Rus Heyeti Tahran’da İran Cumhurbaşkanı ile Görüştü
Rusya ve İran, ekonomik ve savunma işbirliğini artırmak için kapsamlı bir anlaşmaya hazırlanıyor. Rus heyeti, Cumhurbaşkanı Pezeşkiyan ile Tahran’da bir araya geldi.
Rus Heyeti Tahran’da İran Cumhurbaşkanı ile Görüştü
YEREL GÜNDEM / DÜNYA
Rusya ve İran, kapsamlı bir işbirliği anlaşmasına imza atmaya hazırlanırken, Rusya’dan gelen bir heyet İran Cumhurbaşkanı Mesud Pezeşkiyan ile Tahran’da bir araya geldi. Görüşmede, iki ülke arasındaki ekonomik ve savunma alanındaki işbirliğini artırma konuları ele alındı.

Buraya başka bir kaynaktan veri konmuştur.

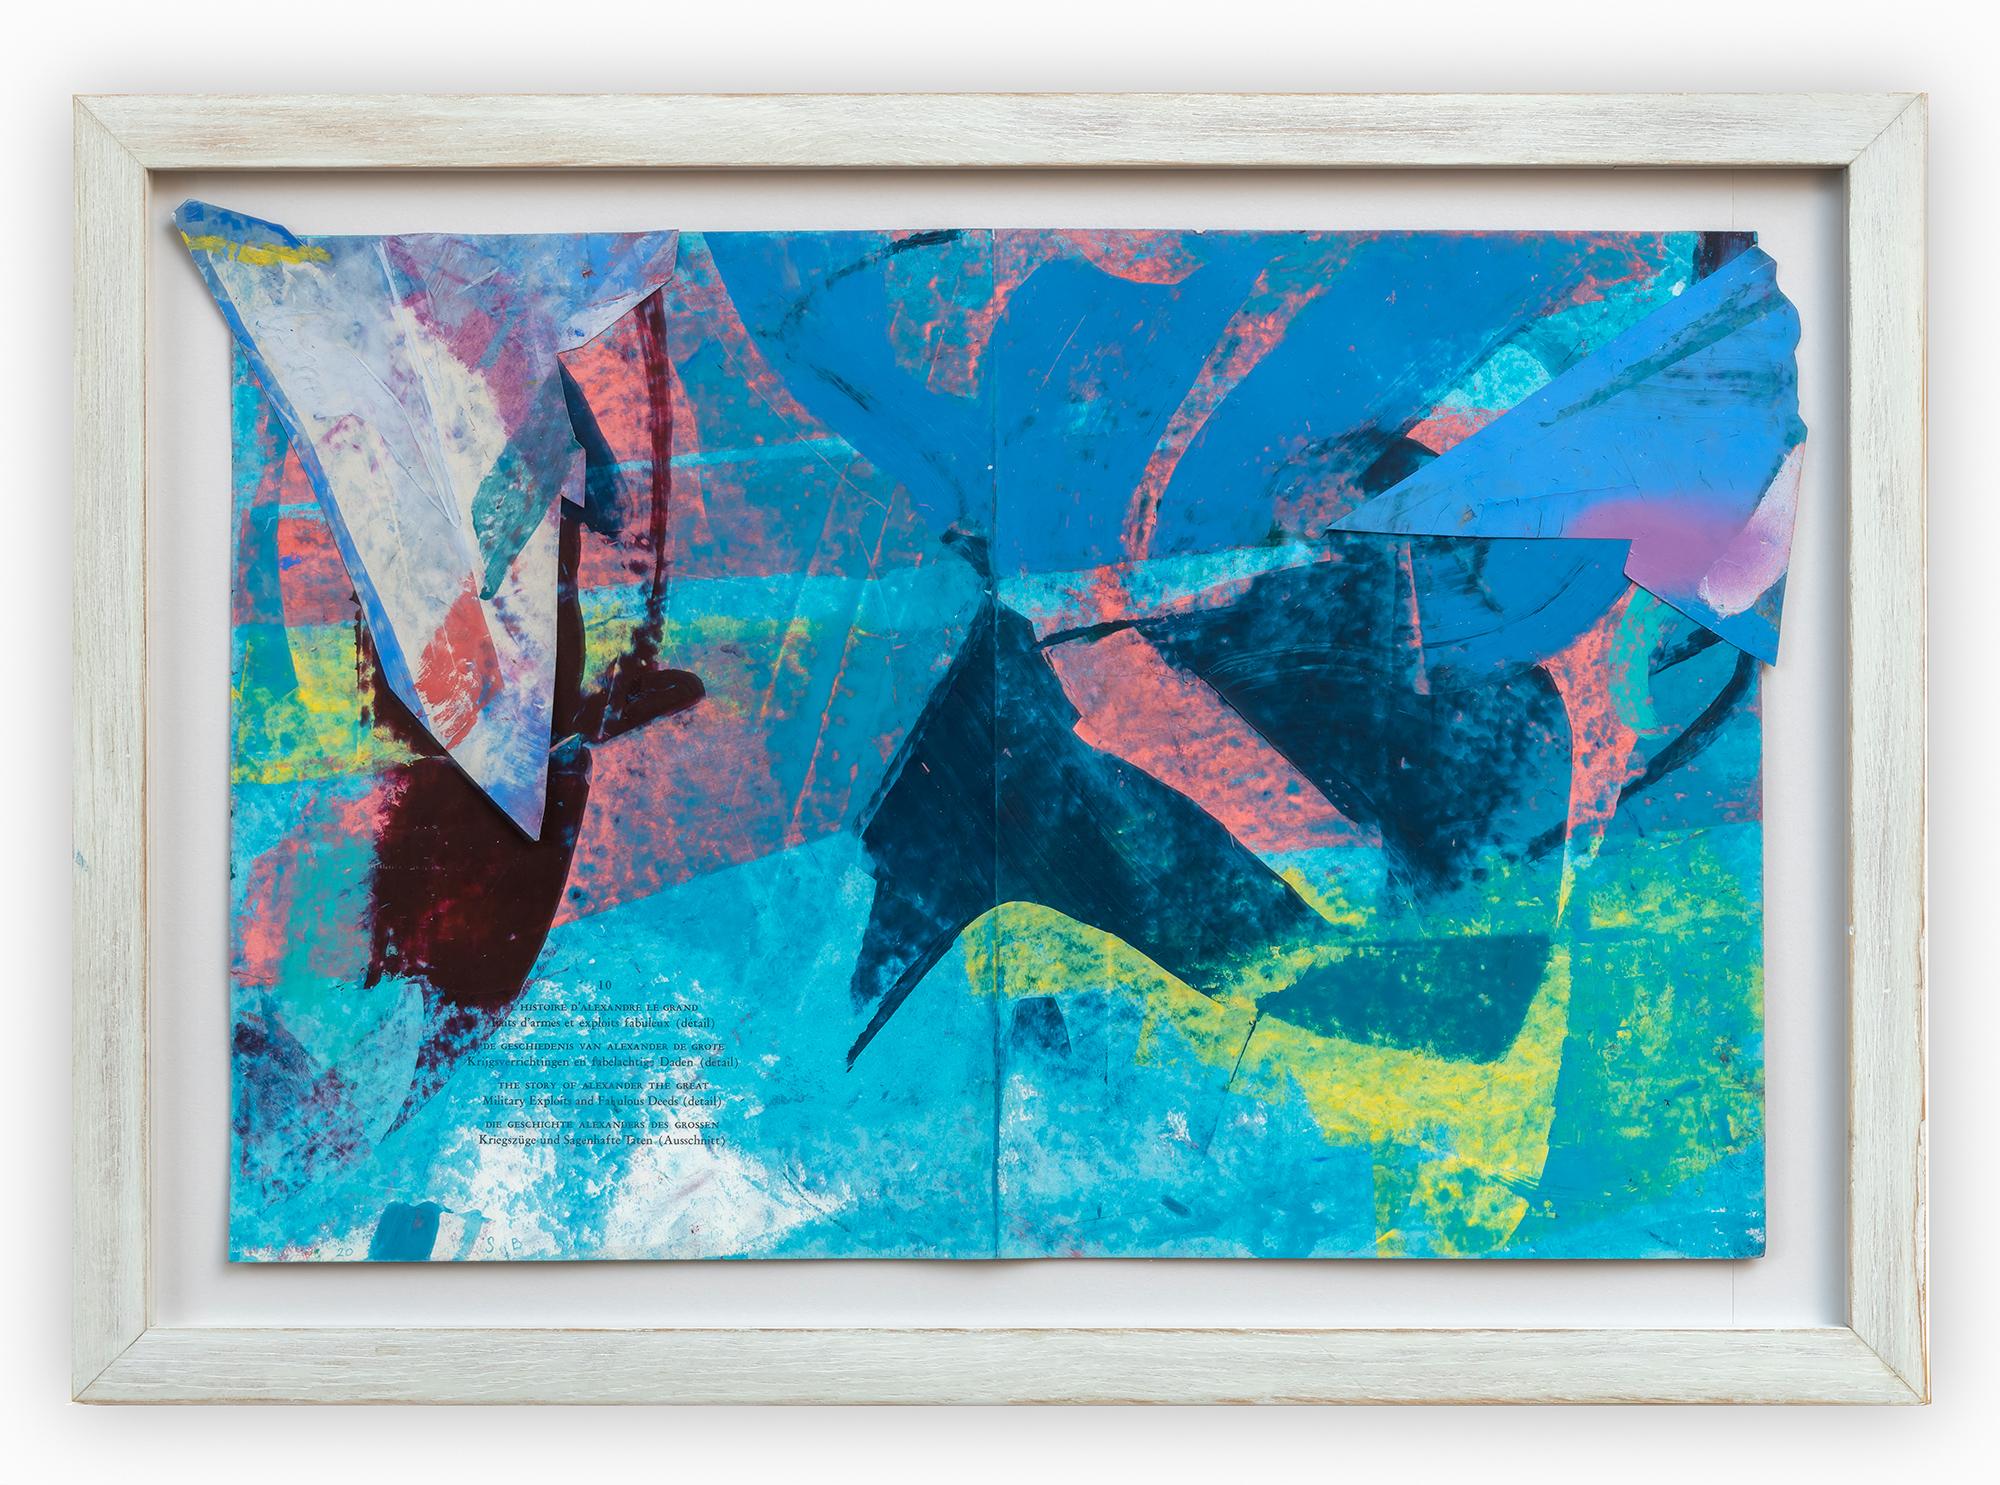 """Histoire d'Alexandre le grand"" 2020 oilpastel on found paper collage 43x60 cm artist frame"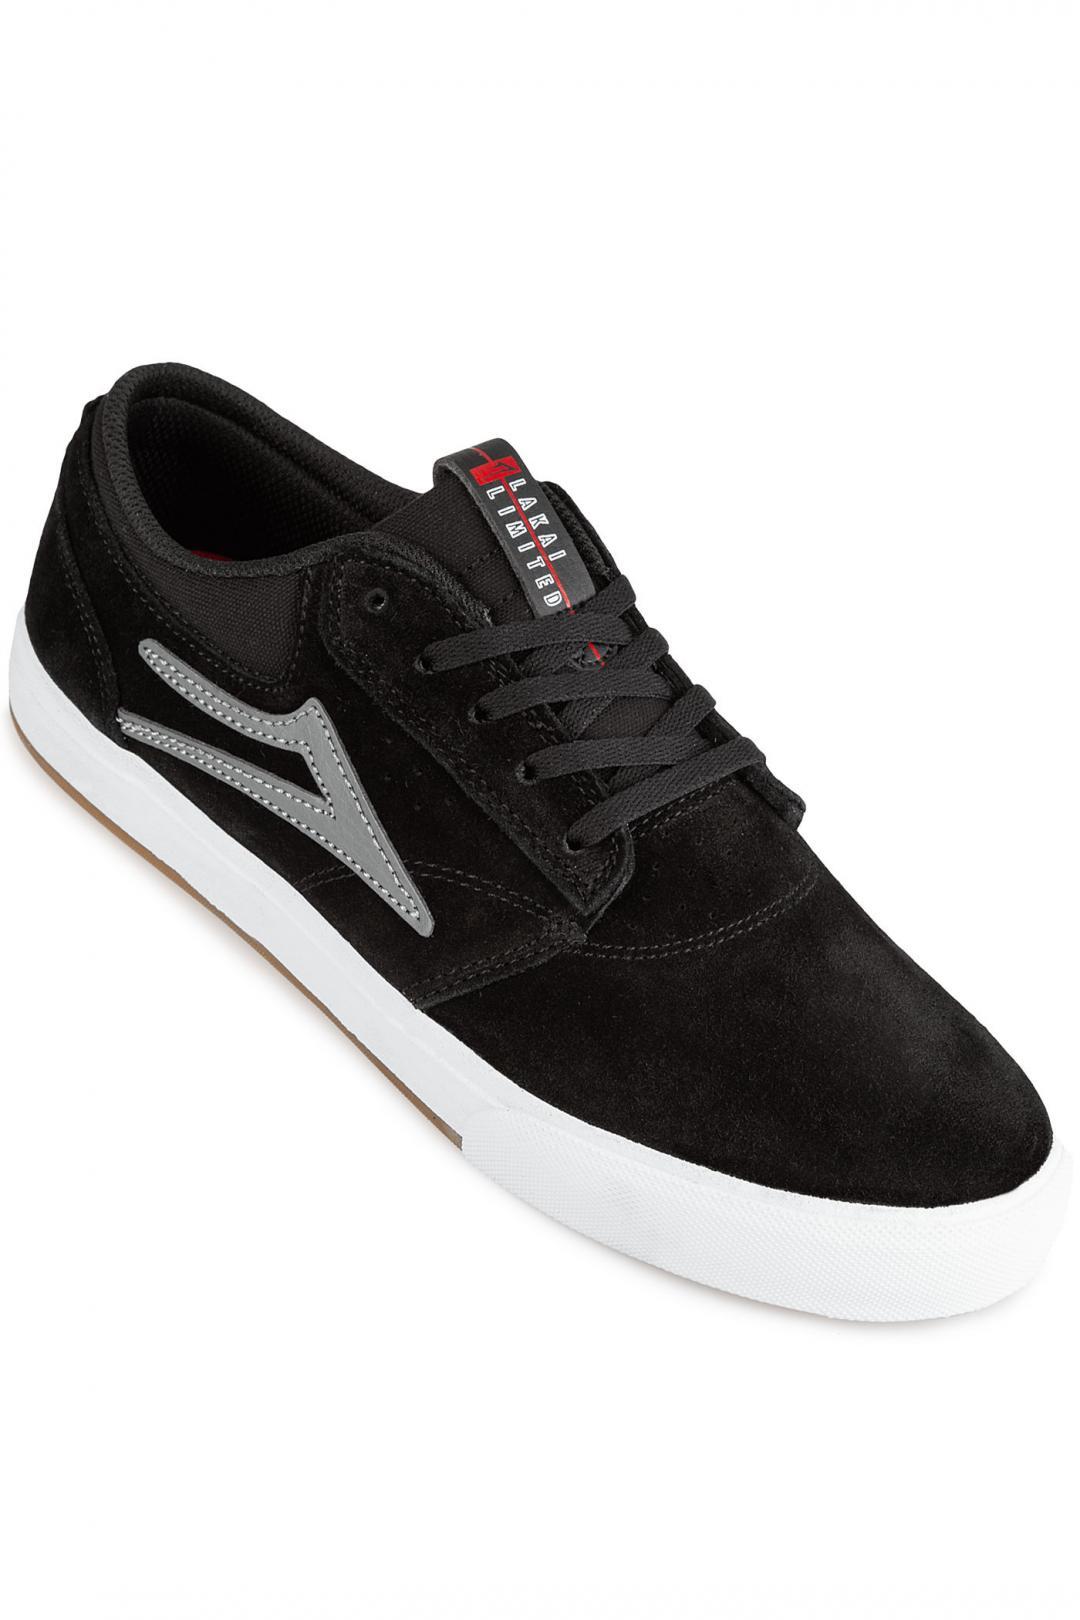 Uomo Lakai Griffin Suede black grey 2 | Sneakers low top

İşbirliği Anlaşması ve Ziyaret Planları
İran basınına göre Rus heyeti, Cumhurbaşkanı Pezeşkiyan’ı 2025 yılı başlarında Rusya’yı ziyaret etmeye davet etti. İran Dışişleri Bakanlığı sözcüsü, iki taraf arasındaki kapsamlı işbirliği anlaşmasının Ocak ayında gerçekleşecek bir ziyaret sırasında imzalanacağını duyurdu.
Rusya-Ukrayna savaşının ardından Moskova, Kuzey Kore ve İran gibi ABD’ye karşıt ülkelerle ilişkilerini güçlendirmeye başladı. Bu bağlamda, İran ile yapılacak olan bu anlaşma iki ülkenin stratejik ortaklığını bir üst seviyeye taşıma hedefini taşıyor.
Ekonomik ve Savunma İşbirliği
Rusya Dışişleri Bakanı Sergey Lavrov, Ekim ayında yaptığı açıklamada Moskova ve Tahran’ın savunma alanında daha yakın işbirliğini içeren bir anlaşma imzalamayı planladığını belirtmişti. Rusya’dan Tahran’a giden heyete başbakan yardımcıları Aleksey Overchuk ve Vitali Savelev başkanlık ediyor.
Rus Interfax haber ajansına göre taraflar, İran ile Avrasya Ekonomik Birliği ülkeleri arasında bir serbest ticaret bölgesi kurulması yönündeki çalışmaları da ele aldı. Bu ekonomik işbirliği, iki ülke arasındaki ticari bağları güçlendirme amacı taşıyor.
ABD’nin Tepkileri ve Yaptırımlar
ABD, Eylül ayında İran’ı Ukrayna’daki savaşta kullanılmak üzere Rusya’ya balistik füzeler teslim etmekle suçladı ve bu teslimatlarda rol oynayan gemi ve şirketlere yaptırım uyguladı. Ancak Tahran, Moskova’ya füze sağladığı iddialarını reddetti.
Bu gelişmeler ışığında, İran ve Rusya arasındaki artan işbirliği, küresel güçler arasında yeni bir denge arayışının göstergesi olarak yorumlanıyor.